Inference.py

import tensorflow as tf
from tensorflow.keras import layers, Model
import numpy as np
import tensorflow.keras.backend as K
from tensorflow.keras import mixed_precision
import sentencepiece as spm
import os, json
import requests

print('1')

tf.get_logger().setLevel("ERROR")
SEED = 42
tf.random.set_seed(SEED)
np.random.seed(SEED)
max_len = 150 # 기존 코드에서 200으로 설정됨
batch_size = 128

# TPU 초기화 (기존 코드와 동일)
try:
    resolver = tf.distribute.cluster_resolver.TPUClusterResolver(tpu="local")
    tf.tpu.experimental.initialize_tpu_system(resolver)
    strategy = tf.distribute.TPUStrategy(resolver)
    print("✅ TPU 초기화 완료:", resolver.cluster_spec().as_dict())
    on_tpu = True

except Exception as e:
    print("⚠️ TPU 미사용, GPU/CPU로 진행:", e)
    strategy = tf.distribute.get_strategy()
    on_tpu = False

# Mixed precision (기존 코드와 동일)
policy = mixed_precision.Policy("mixed_bfloat16" if on_tpu else "float32")
mixed_precision.set_global_policy(policy)
print("✅ Mixed precision:", policy)

# =======================
# 1) 파일 다운로드 및 토크나이저 초기화 (기존 코드와 동일)
# =======================

def download_file(url, save_path):
    r = requests.get(url, stream=True)
    r.raise_for_status()
    with open(save_path, "wb") as f:
        for chunk in r.iter_content(8192*2):
            f.write(chunk)
    print(f"✅ {save_path} 저장됨")

DATA_PATH = "converted.jsonl"
TOKENIZER_PATH = "ko_unigram.model"

if not os.path.exists(DATA_PATH):
    download_file(
        "https://huggingface.co/datasets/Yuchan5386/TinyInst/resolve/main/output.jsonl?download=true",
        DATA_PATH
    )

if not os.path.exists(TOKENIZER_PATH):
    download_file(
        "https://huggingface.co/datasets/Yuchan5386/TinyInst/resolve/main/ko_unigram.model?download=true",
        TOKENIZER_PATH
    )

sp = spm.SentencePieceProcessor(TOKENIZER_PATH)

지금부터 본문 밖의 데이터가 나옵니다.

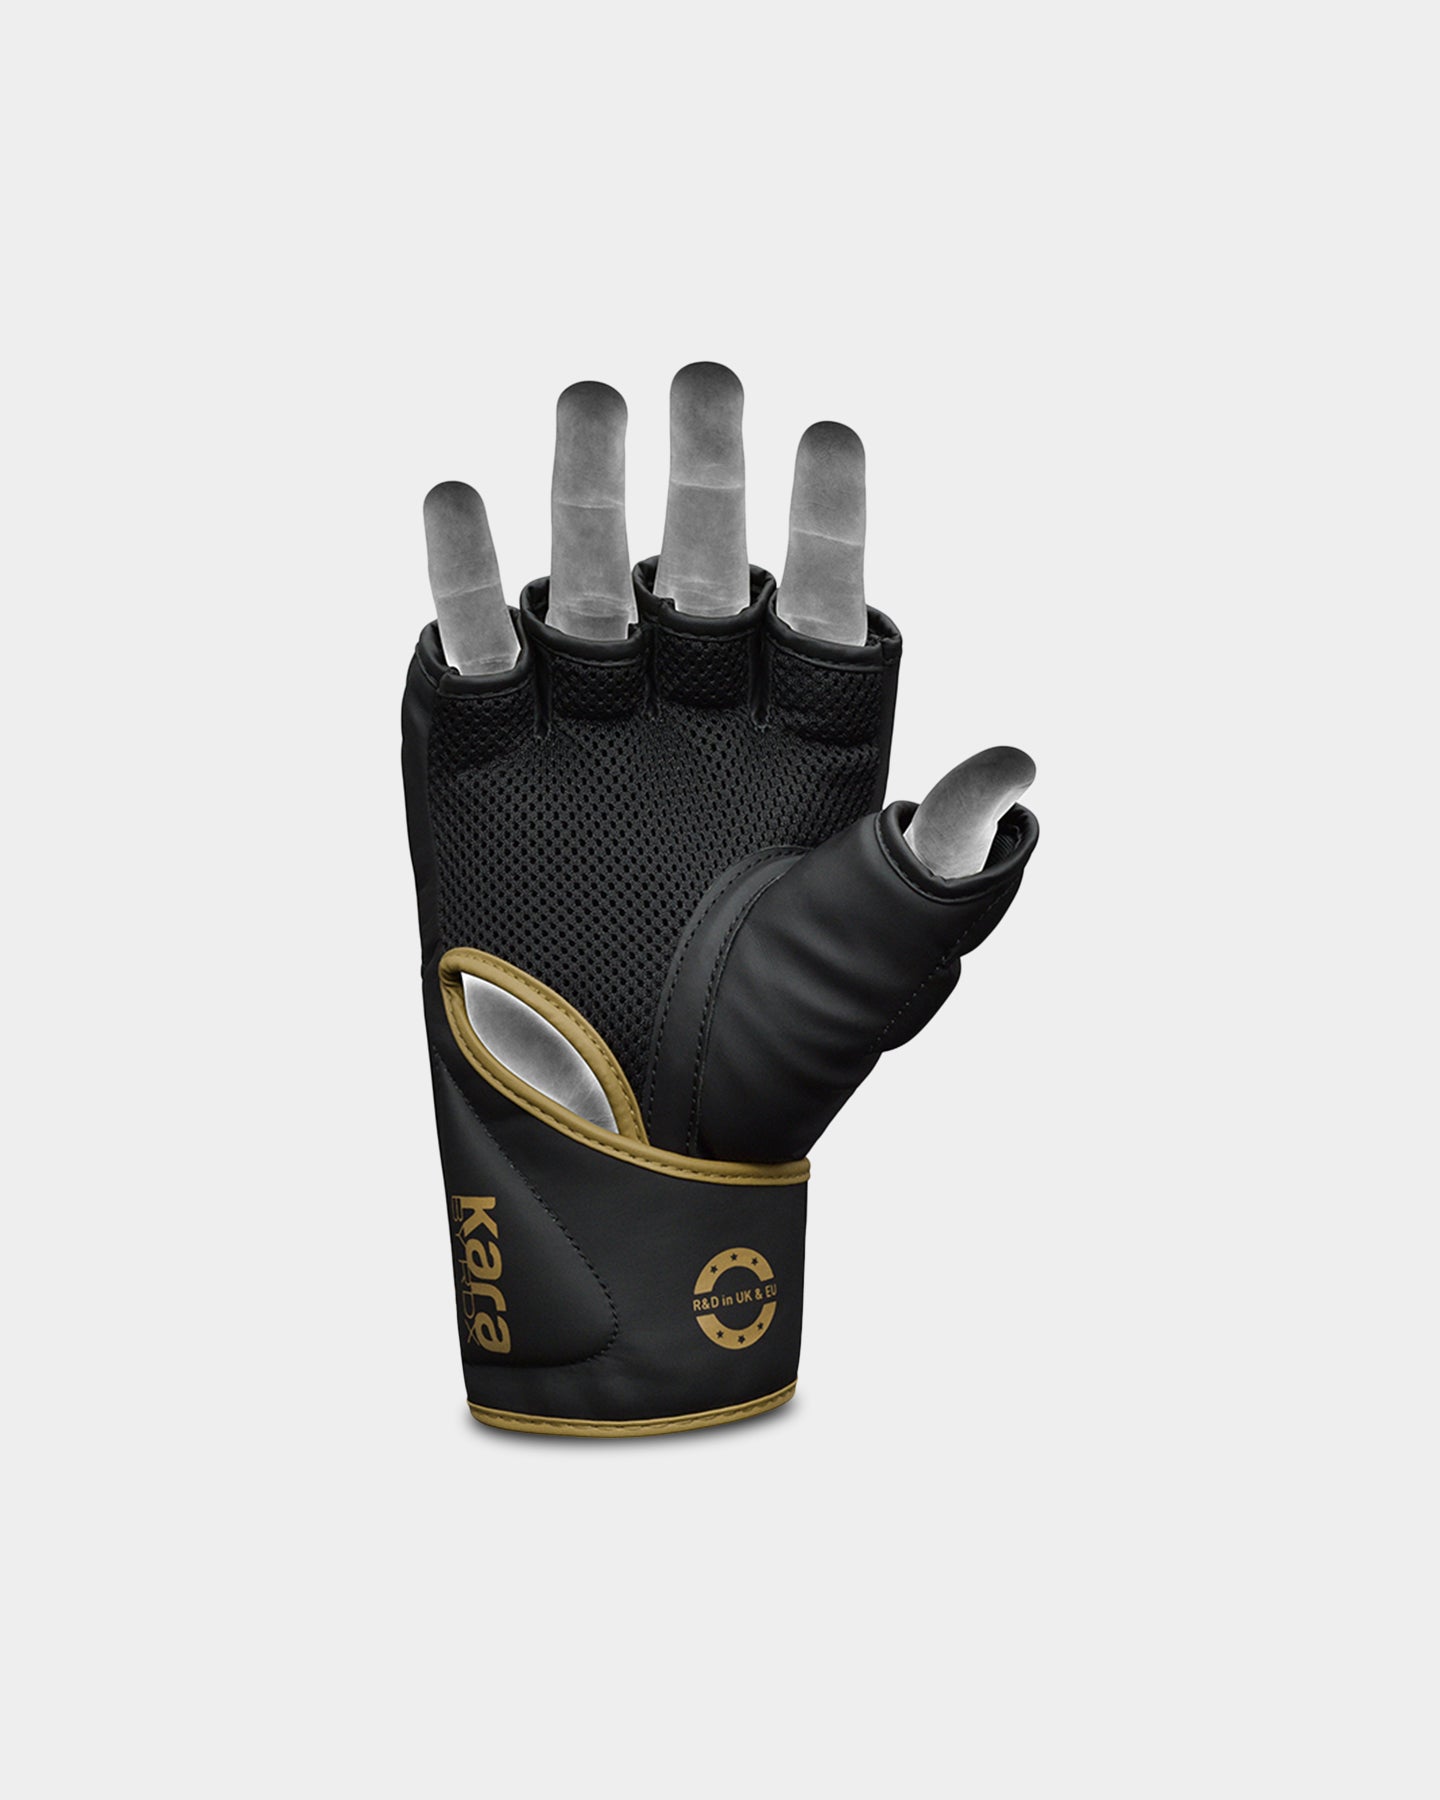 RDX Sports Grappling Gloves F6, XL, Golden A4

pad_id = sp.piece_to_id("<pad>") if sp.piece_to_id("<pad>") != -1 else 0
start_id = sp.piece_to_id("<start>")
sep_id = sp.piece_to_id("<sep>")
end_id = sp.piece_to_id("<end>")
unk_id = sp.piece_to_id("<unk>")
vocab_size = sp.get_piece_size()
print(f"✅ Vocabulary size: {vocab_size}")

def text_to_ids(text):
    return sp.encode(text, out_type=int)

def ids_to_text(ids):
    return sp.decode(ids)

# =======================
# 3) 모델 레이어 (기존 코드 유지)
# =======================

class SwiGLU(layers.Layer):
    def __init__(self, d_model, d_ff):
        super().__init__()
        self.proj = layers.Dense(d_ff)
        self.out = layers.Dense(d_model)
    def call(self, x):
        x_proj = self.proj(x)
        x_val, x_gate = tf.split(x_proj, 2, axis=-1)
        return self.out(x_val * tf.nn.silu(x_gate))
        
class gMLPBlock(layers.Layer):
    def __init__(self, d_model, seq_len, dropout=0.1):
        super().__init__()
        self.d_model = d_model
        self.seq_len = seq_len
        self.norm = layers.LayerNormalization(epsilon=1e-6)
        
        # FFN: Channel Expansion
        # d_model * 4로 확장
        self.channel_proj = layers.Dense(d_model * 4, use_bias=True)
        self.dropout = layers.Dropout(dropout)
        
        # Spatial Gating Unit (SGU)
        self.sgu_norm = layers.LayerNormalization(epsilon=1e-6)
        self.sgu_proj = layers.Dense(seq_len, use_bias=False)
        
        # 출력 차원을 d_model * 2 (U의 차원)로 설정
        self.sgu_final = layers.Dense(d_model * 2, use_bias=True) 
        
        self.out_proj = layers.Dense(d_model, use_bias=True)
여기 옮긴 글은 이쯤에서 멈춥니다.